Albanian baked mutton and yougurt dish

Tavë kosi ("yogurt casserole"), also known as Tavë Elbasani, is a traditional Albanian baked dish consisting of mutton and rice covered with a mixture of yogurt, eggs, butter and flour before being baked in the oven. Chicken may be used as an alternative to mutton, in which case the dish is known as "tavë kosi me mish pule". It is commonly seasoned with ingredients such as salt, black pepper, garlic and oregano.

Thought to originate from the city of Elbasan, tavë kosi is regarded as one of the national dishes of Albania. The dish is also popular in neighboring countries, including Greece, Kosovo, North Macedonia and Turkey, where it is commonly known as "Elbasan tava", a name derived from its place of origin.

==Ingredients==
To prepare this dish for 4 people, you will need:
- Mutton or goat meat: 500 g
- Yogurt: 1 liter
- Rice: ½ coffee cup
- Eggs: 3
- Butter: 100 g
- Flour: 2 tablespoons
- Salt: to taste
- Black pepper: to taste

==Preparation==
Wash and pat dry the meat, then cut it into serving-sized pieces.

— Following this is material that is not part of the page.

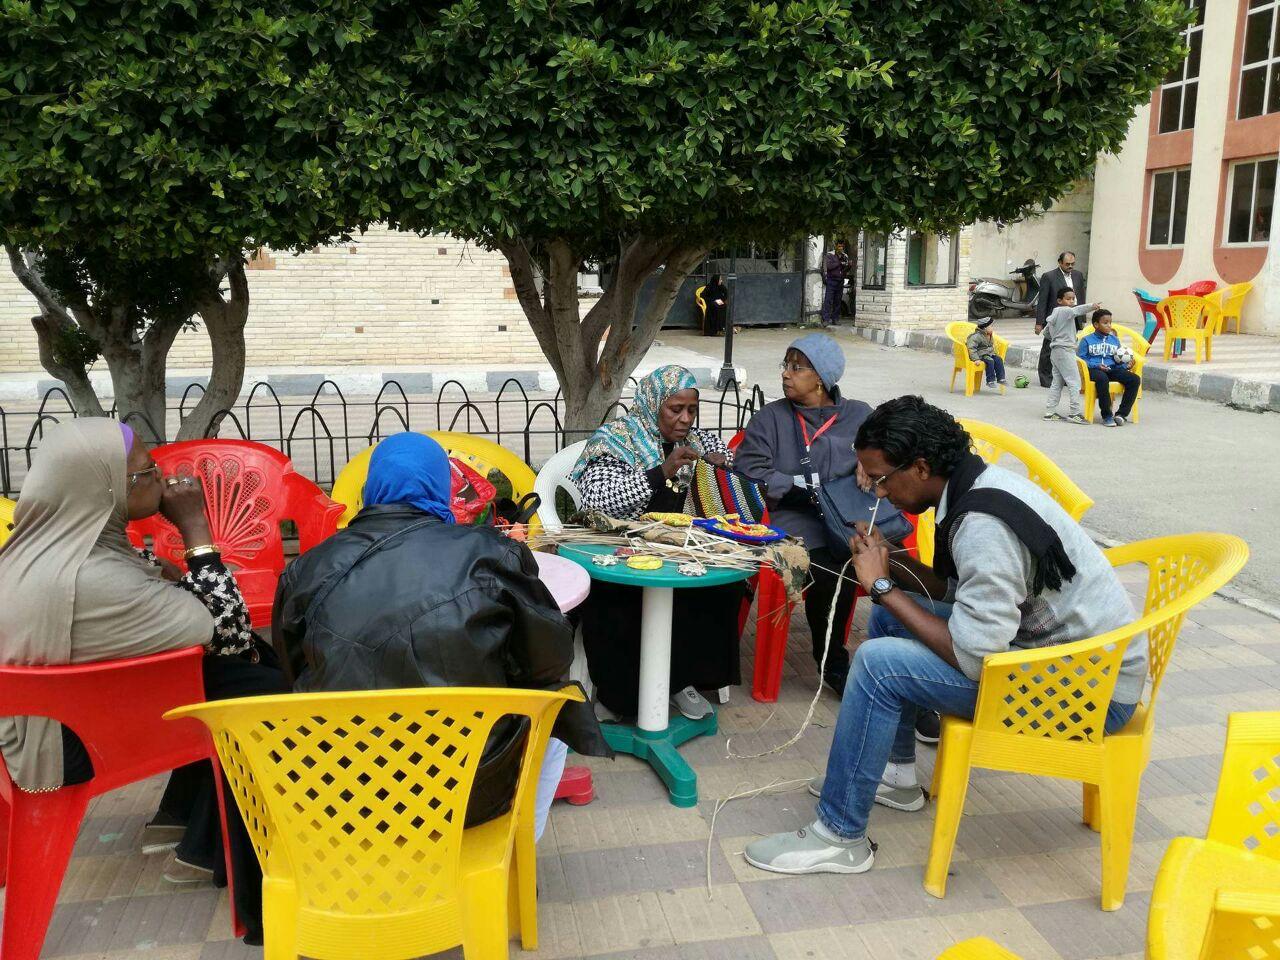 صور.. «بصمة خير» ونادي الكنوز ينظمان يومًا رياضيًا نوبيًا بالإسكندرية

Place the pieces in a baking dish, season with salt and drizzle with oil. Bake in a preheated oven at 180 °C (356 °F), occasionally basting the meat with its own juices. For a more tender result, the meat may be boiled for about 30 minutes before baking.

Approximately 15 minutes before the meat is fully cooked, add the rice and about half a glass of hot meat broth to the baking dish. Remove from the oven and allow it to cool slightly.

Meanwhile, combine the yogurt and salt in a bowl and mix thoroughly. Add the eggs one at a time, stirring continuously, then gradually incorporate the flour until a smooth mixture is obtained. Finally, add the remaining butter.

Pour the yogurt mixture over the meat and rice, stirring gently to distribute it evenly. Return the dish to the oven and bake for a further 15 minutes, or until the surface is lightly golden.